Il Tribunale Amministrativo Regionale per la Lombardia (Sezione Quarta), definitivamente pronunciando:
- dichiara il difetto di legittimazione ed estromette dal giudizio Roche Diagnostics S.p.A. – Società unipersonale;
- respinge il ricorso principale e i ricorsi per motivi aggiunti indicati in epigrafe;
- respinge la domanda risarcitoria formulata dalla ricorrente principale Abbott S.r.l.;
- dichiara improcedibile il ricorso incidentale proposto da proposto da Beckman Coulter S.r.l.

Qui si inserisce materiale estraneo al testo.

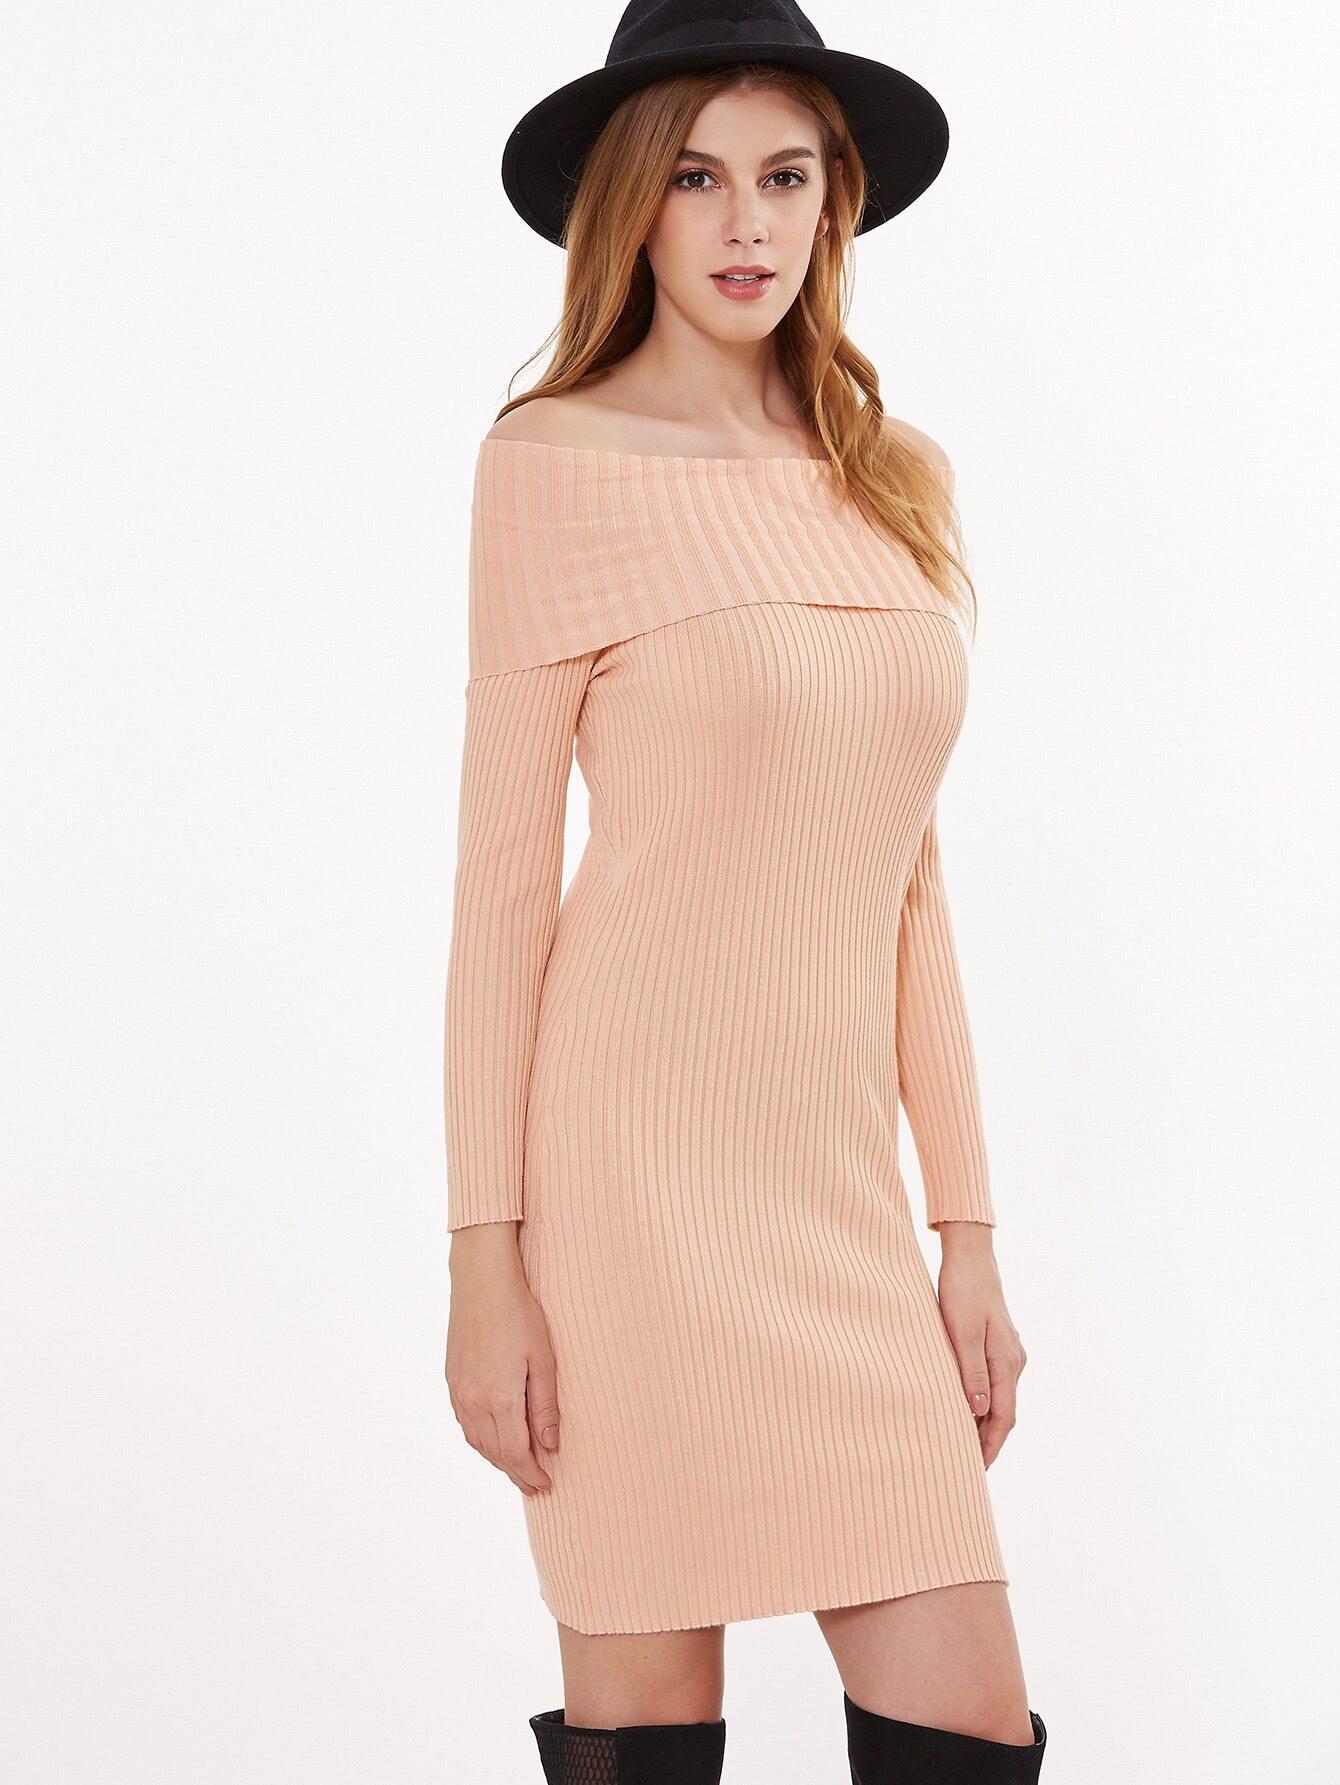 dress160919451_2

Condanna la società ricorrente al pagamento delle spese di giudizio in favore dell’Azienda Socio Sanitaria Territoriale (A.S.S.T.) dei Sette Laghi di Varese e di Beckman Coulter S.r.l. nella misura di € 2.000,00 (duemila/00), ciascuna (€ 4.000,00 complessivi), oltre spese e oneri generali; le compensa nei confronti di Roche Diagnostics S.p.A. – Società unipersonale.
Ordina che la presente sentenza sia eseguita dall’autorità amministrativa.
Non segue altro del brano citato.